Timeline of the bombings

Key developments

• The FBI is investigating a “confirmed link” between packages involved in the Austin investigations and a mail delivery office in Sunset Valley, southwest of downtown Austin, police in Sunset Valley said Tuesday. They did not indicate which packages were connected to the Sunset Valley office.

• At the Schertz FedEx facility, a package that was moving along an automated conveyor exploded around 12:25 a.m. Tuesday, Schertz Police Chief Michael Hansen said.

• A worker standing near the explosion suffered minor injuries and was treated and released, officials said.

An ATF vehicle sits at a FedEx sorting center where a package exploded Tuesday in Schertz, Texas.

An ATF vehicle sits at a FedEx sorting center where a package exploded Tuesday in Schertz, Texas.

• Preliminary information indicates there could be a connection between the Schertz blast and the four Austin explosions, FBI San Antonio spokeswoman Michelle Lee said.

• But FBI special agent James Smith said it was too early to know whether the Schertz blast was connected to any of the ones in Austin, which killed two people and injured four others over 17 days.

• If the FedEx explosion is confirmed to be linked to the Austin blasts, it would represent a new method for the bomber or bombers. None of the four previous explosives was mailed, police have said.
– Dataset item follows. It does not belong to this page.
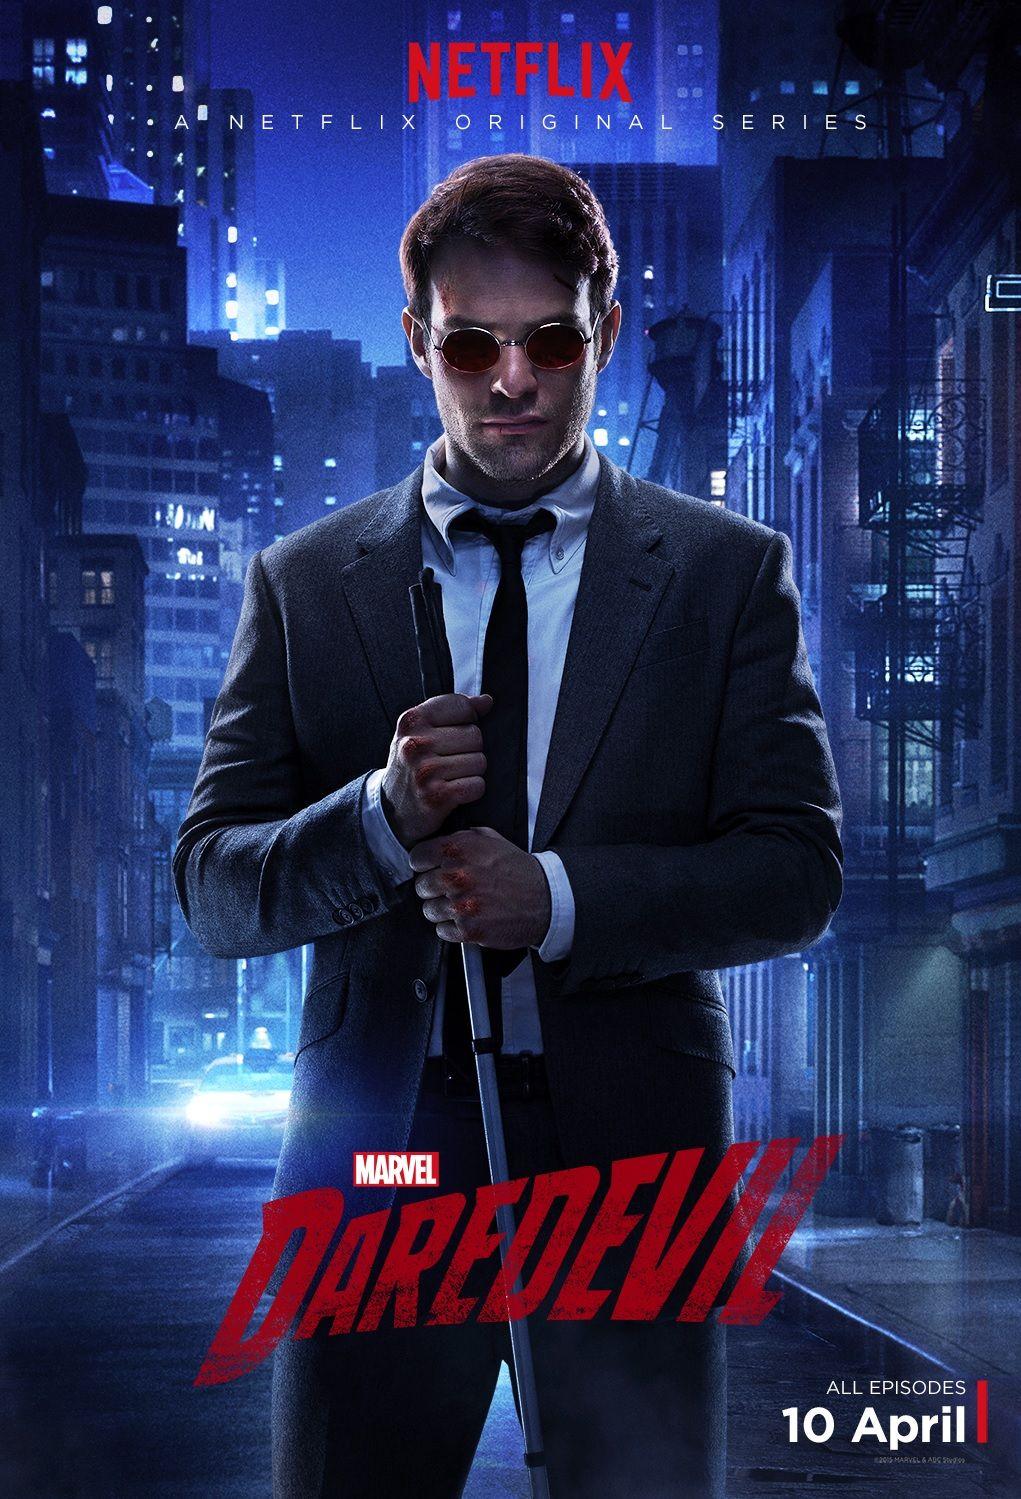 Daredevil-Matt-Murdock-poster-Сорвиголова-фантастический-сериал-комиксы-scifidaily.ru_.jpg

• Hansen, the Schertz police chief, said he was confident the package that exploded there was not meant to target that facility or the city, though he wouldn’t say why.

• The FBI’s Smith declined to answer reporters’ questions about whether the package that blew up was destined for Austin. Smith also said he had no reason to believe people in Schertz face any threat.

• There have been more than 1,200 calls about suspicious packages that have come in since March 12, Austin police said.

• President Donald Trump did not comment when asked Tuesday if he thought the bombings were acts of domestic terrorism. Trump called the situation “absolutely disgraceful” and said of those responsible: “We have to find them really immediately.”

The four Austin bombings

In Austin, authorities have been combing for clues to the four explosions there, the first three of which involved cardboard packages left in front yards or porches. They weren’t delivered by the US Postal Service or services such as UPS or FedEx, police say.

Those three explosions — one on March 2 and two more on March 12 — killed or wounded three African-American people and one Hispanic person. The blasts happened in east Austin areas that predominantly have minority residents, and some in the area expressed concern the attacks might have been racially motivated.

Police have not uncovered a motive and have not ruled out the possibility those bombings could be hate crimes.

In the fourth blast, a device Sunday was triggered by a tripwire, injuring two white men, police said. It had been left on the side of a road in a predominantly white area. Those men are in good condition at St. David’s South Austin Medical Center, a hospital representative said.”The use of a tripwire is far less discriminating than leaving parcel bombs at residences and suggests that (Sunday’s) victims were not specifically targeted,” the global think tank Stratfor said in one of its Threat Lens reports.

If one perpetrator is behind all five blasts, then the person deployed an unusually wide range of skills and delivery methods, CNN law enforcement analyst James Gagliano said.

“Some of these folks … as long as the bombmaker walks away with 10 fingers and 10 toes, that’s successful to them,” said Gagliano, a retired FBI supervisory special agent.

“But the method, the delivery system and the different means that he’s having these things in place shows that he’s trying to show — if it’s the same person on all five of these — a full panoply of different ways of doing this,” he added, “and that’s frightening.”

Three members of the Congressional Black Caucus called Monday for federal officials to classify the bombings as terrorist attacks and determine whether they are “ideologically or racially motivated.”

The NAACP called the incidents “acts of domestic terrorism” and called for vigilance and caution for communities in Austin.